## Problem to solve
Transcribe only part of the material below: the lines from the one containing "Italian midcentury Green" through the one containing "Produced by Mangani in", inclusive, exactly as written.

___ Listed records

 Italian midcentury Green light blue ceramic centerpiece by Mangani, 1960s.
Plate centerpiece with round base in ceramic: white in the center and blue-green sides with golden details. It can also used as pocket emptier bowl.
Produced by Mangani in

______
___ Listed records

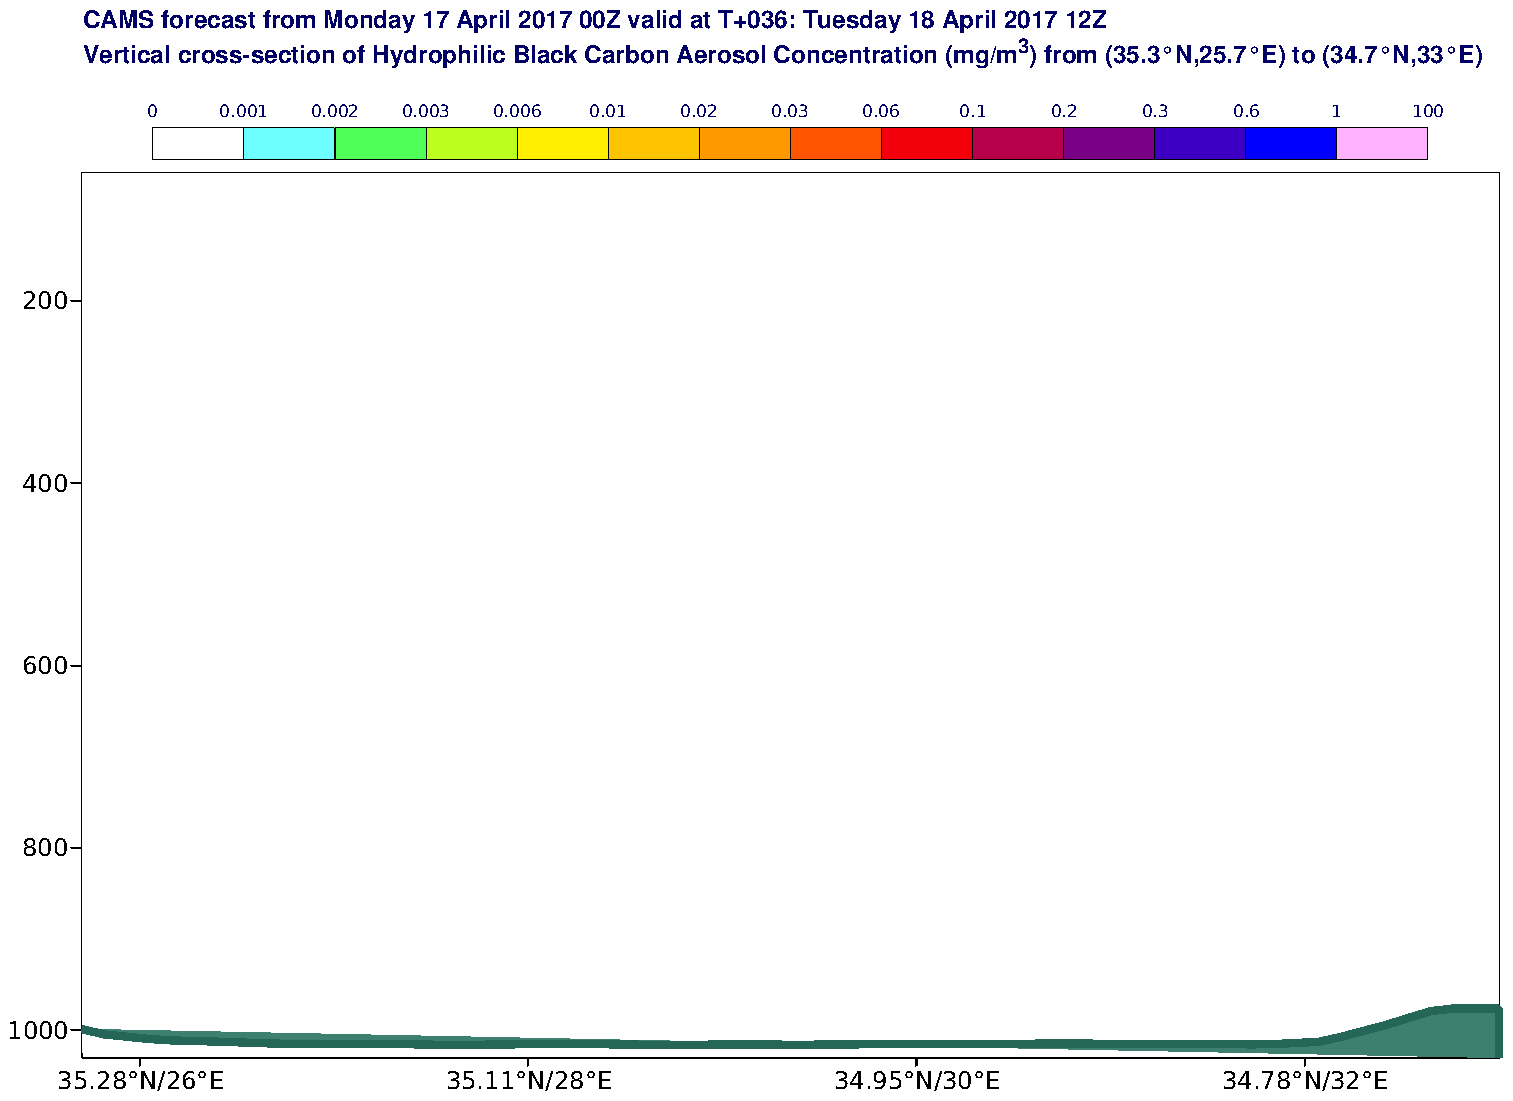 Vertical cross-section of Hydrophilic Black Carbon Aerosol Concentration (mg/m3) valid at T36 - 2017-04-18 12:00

______
___ Listed records

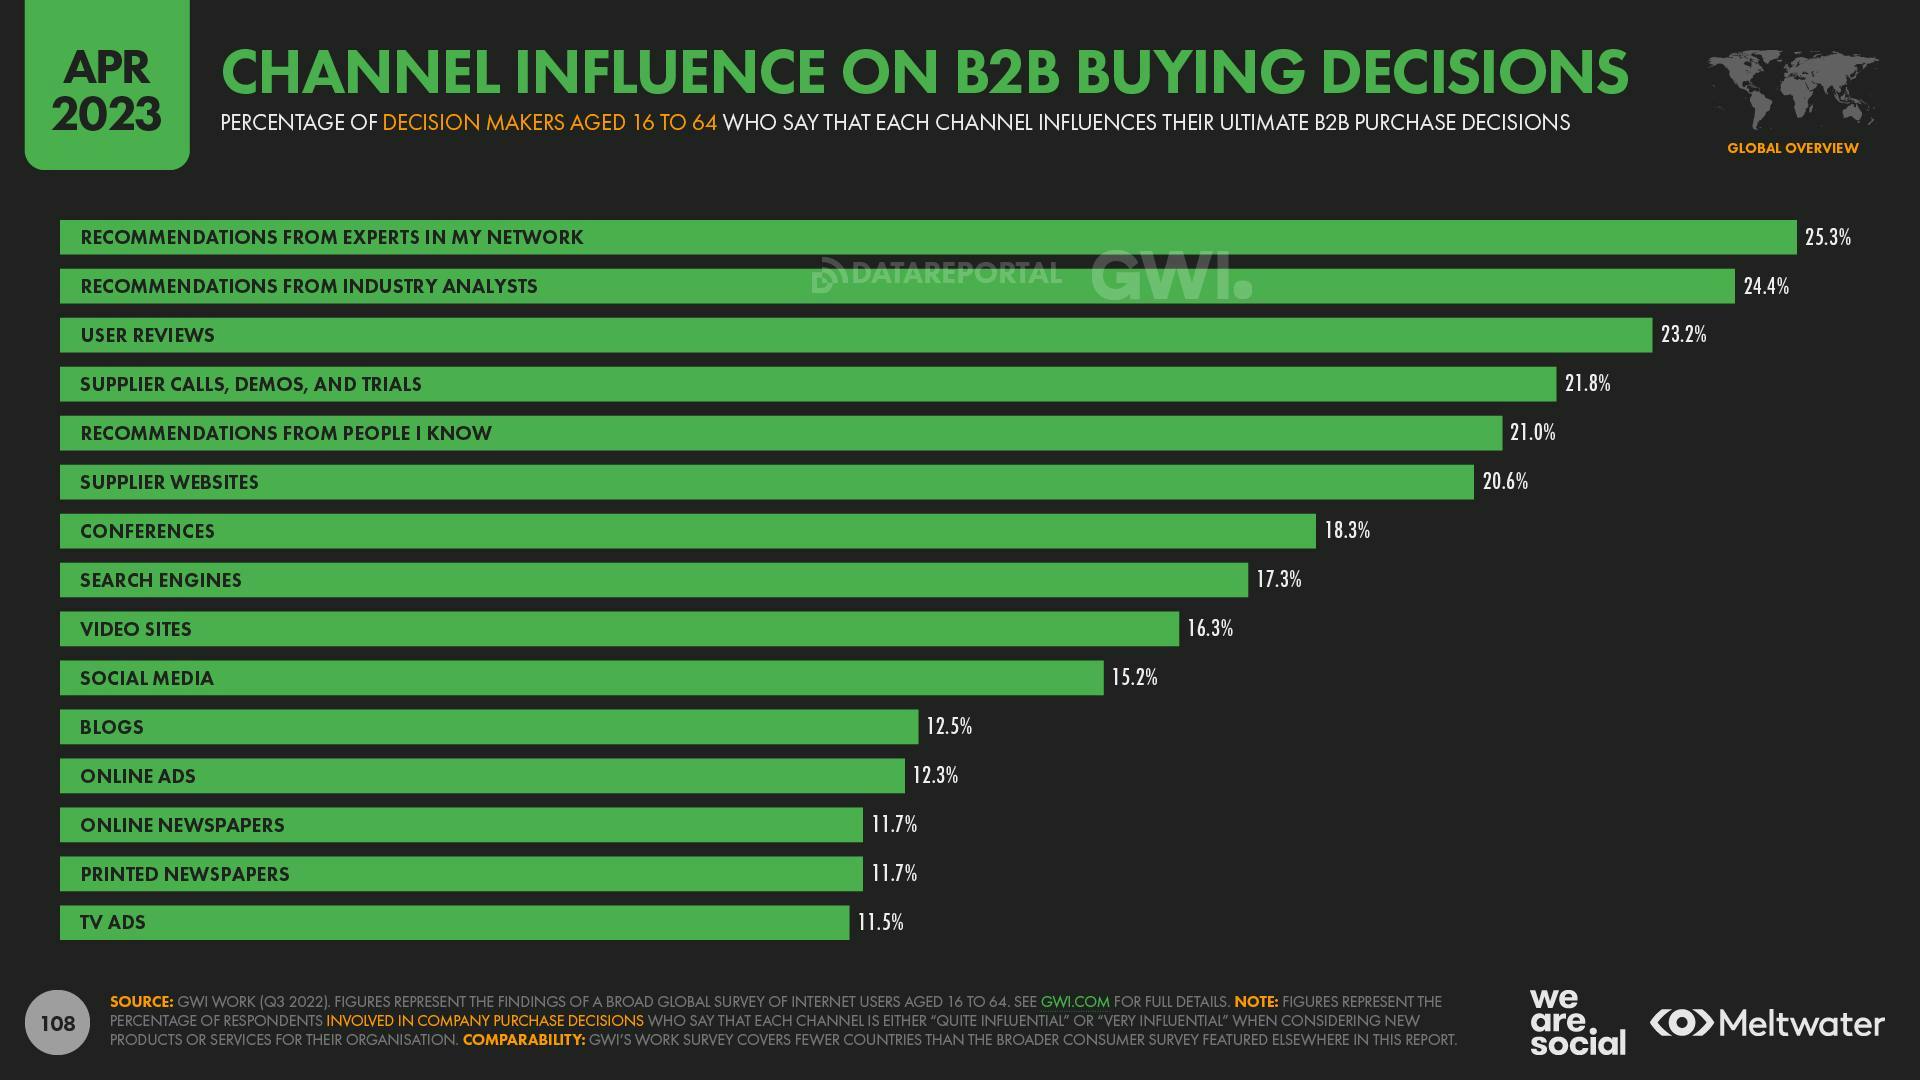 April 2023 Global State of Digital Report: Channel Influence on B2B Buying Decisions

______

## Answer to this problem
 Italian midcentury Green light blue ceramic centerpiece by Mangani, 1960s.
Plate centerpiece with round base in ceramic: white in the center and blue-green sides with golden details. It can also used as pocket emptier bowl.
Produced by Mangani in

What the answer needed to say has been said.